## SUPPLIED MATERIAL:
BEGIN

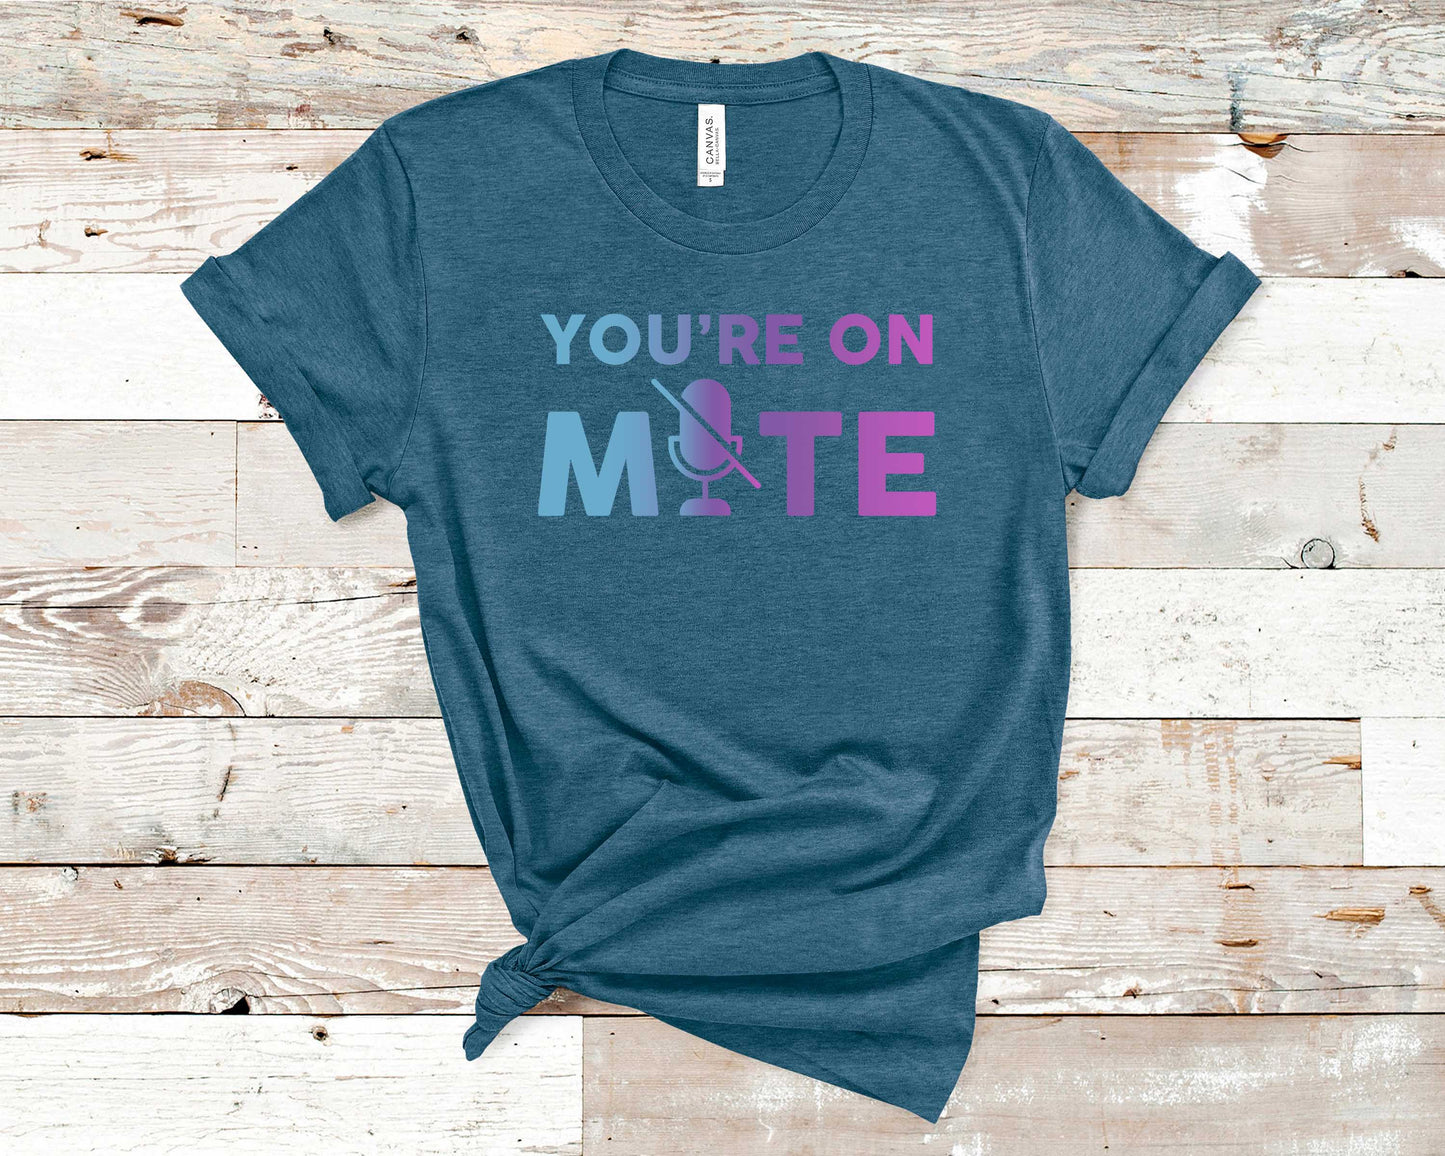 You're On Mute - Funny/ Sarcastic
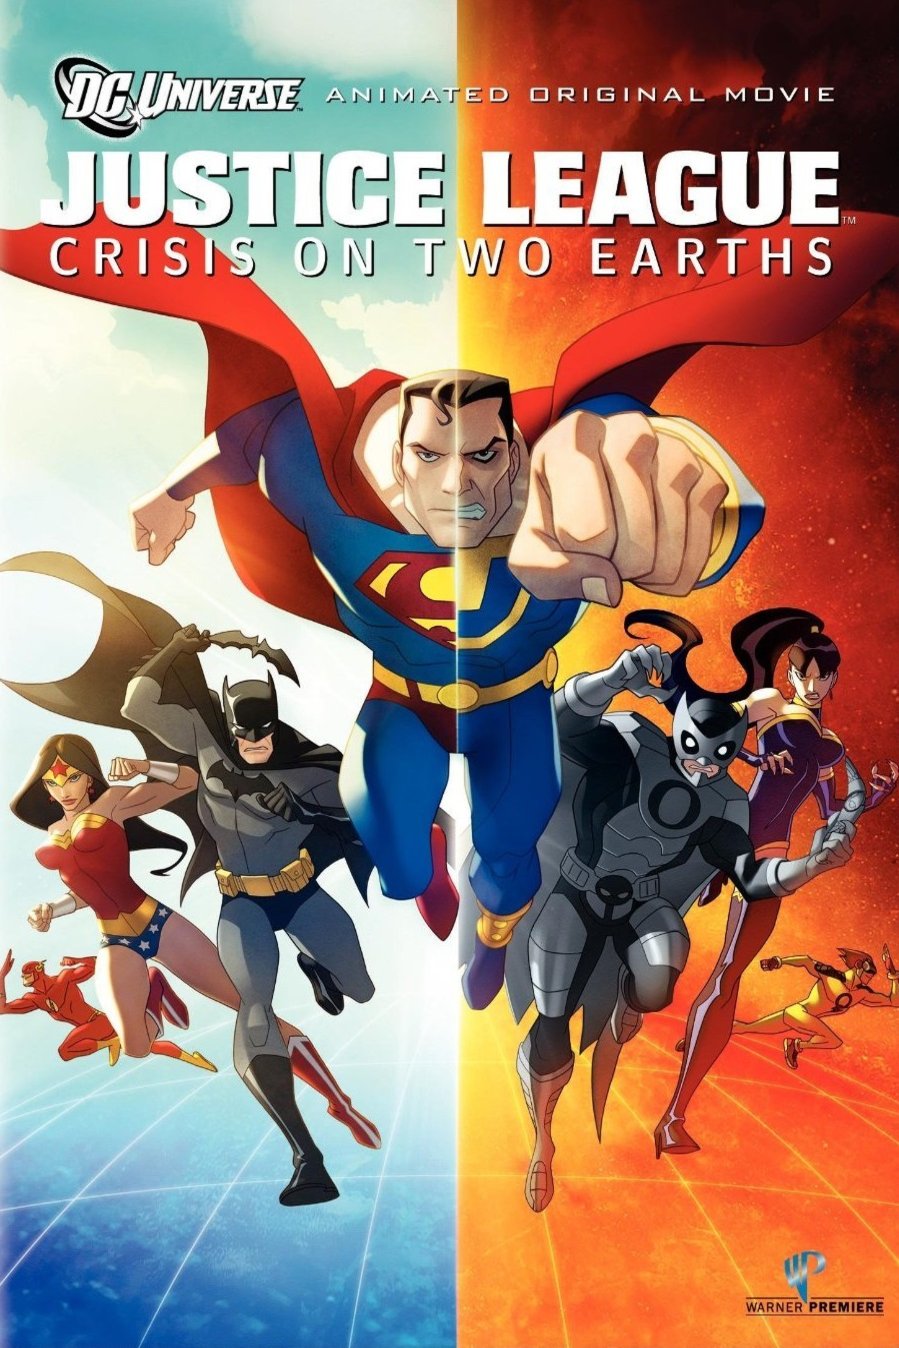 Poster of the movie Justice League: Crisis on Two Earths
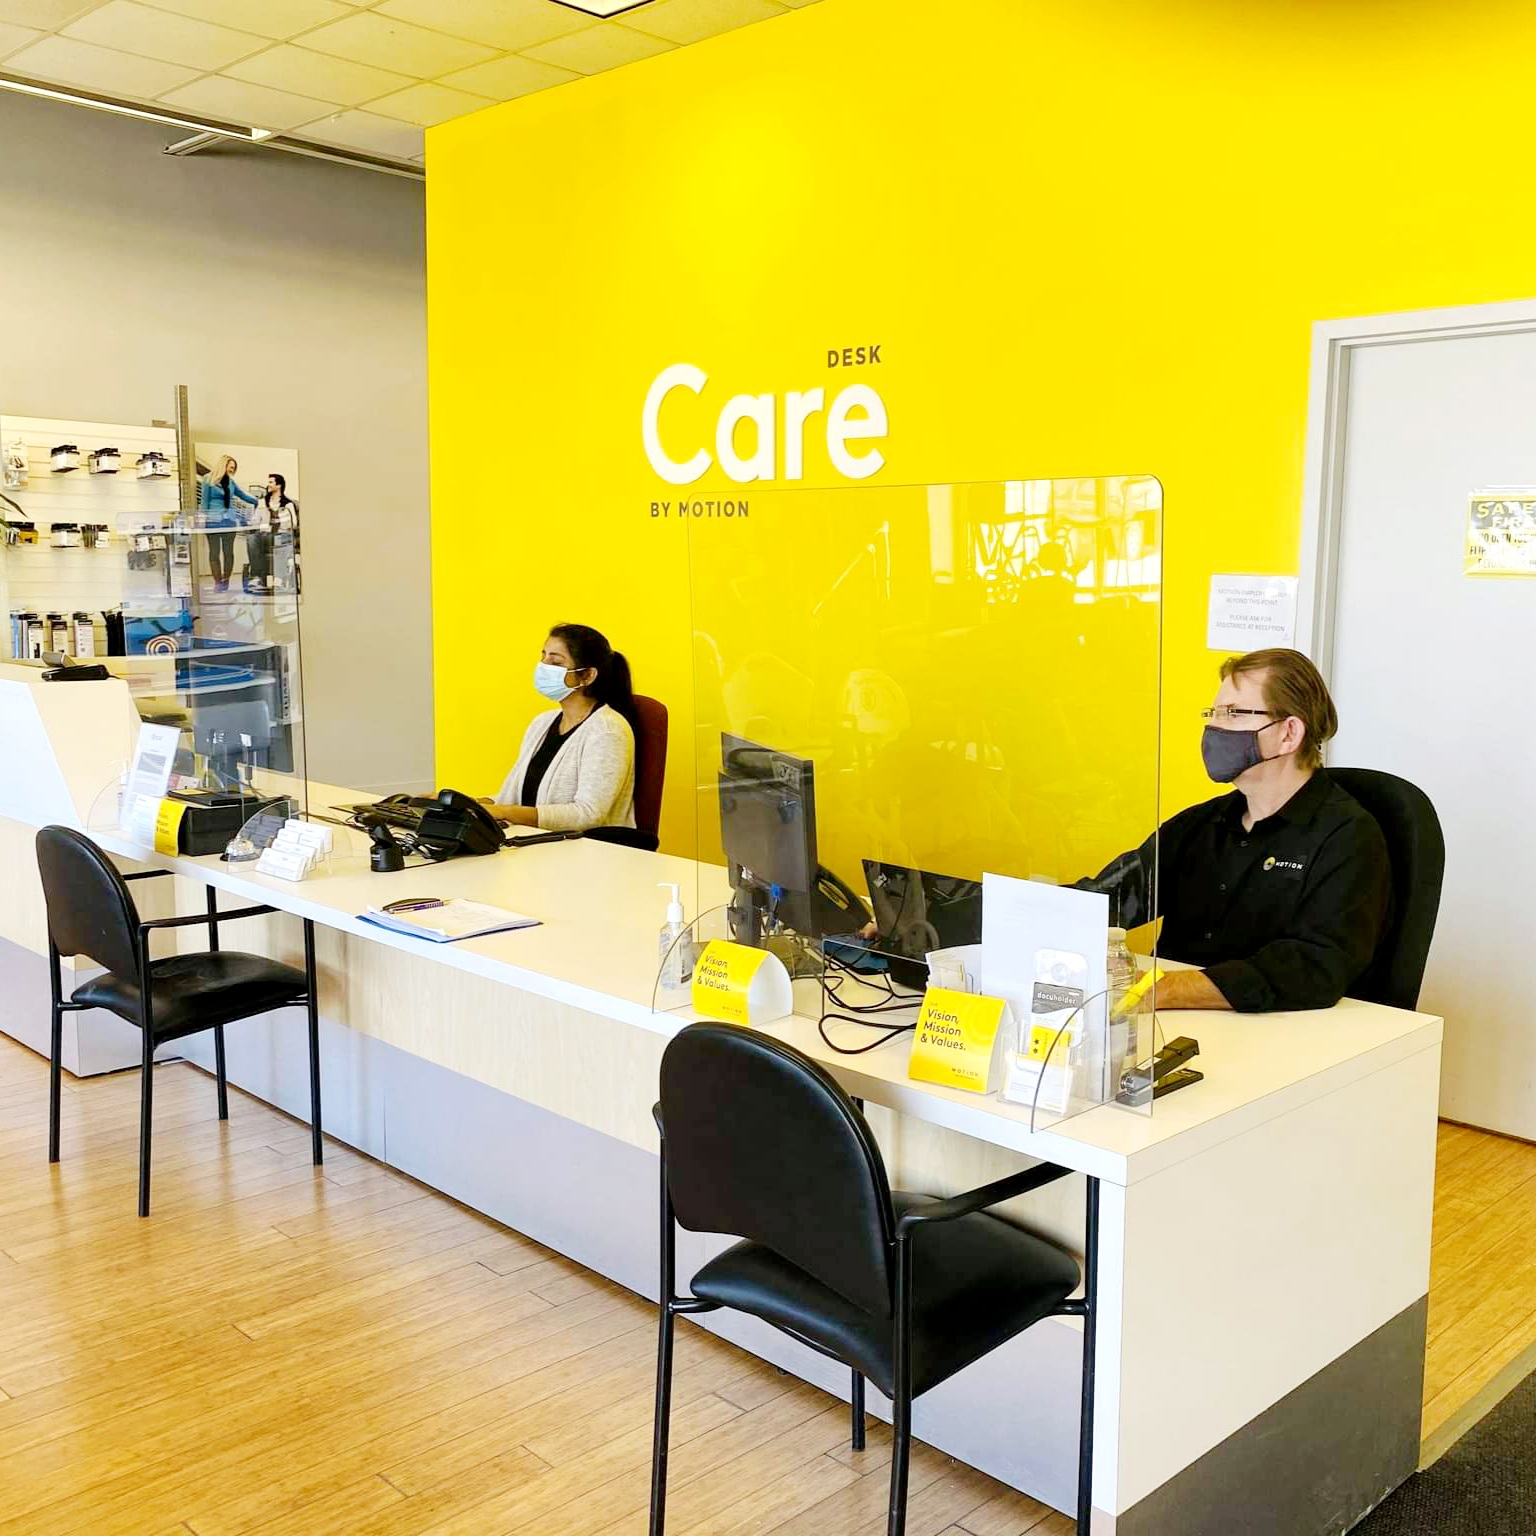 Mississauga care desk with team

END

## ABOUT THIS TASK:
In your transcription of the listing above, match each line exactly and include no pictures.

## WRITTEN SOLUTION:
 You're On Mute - Funny/ Sarcastic
 Poster of the movie Justice League: Crisis on Two Earths
 Mississauga care desk with team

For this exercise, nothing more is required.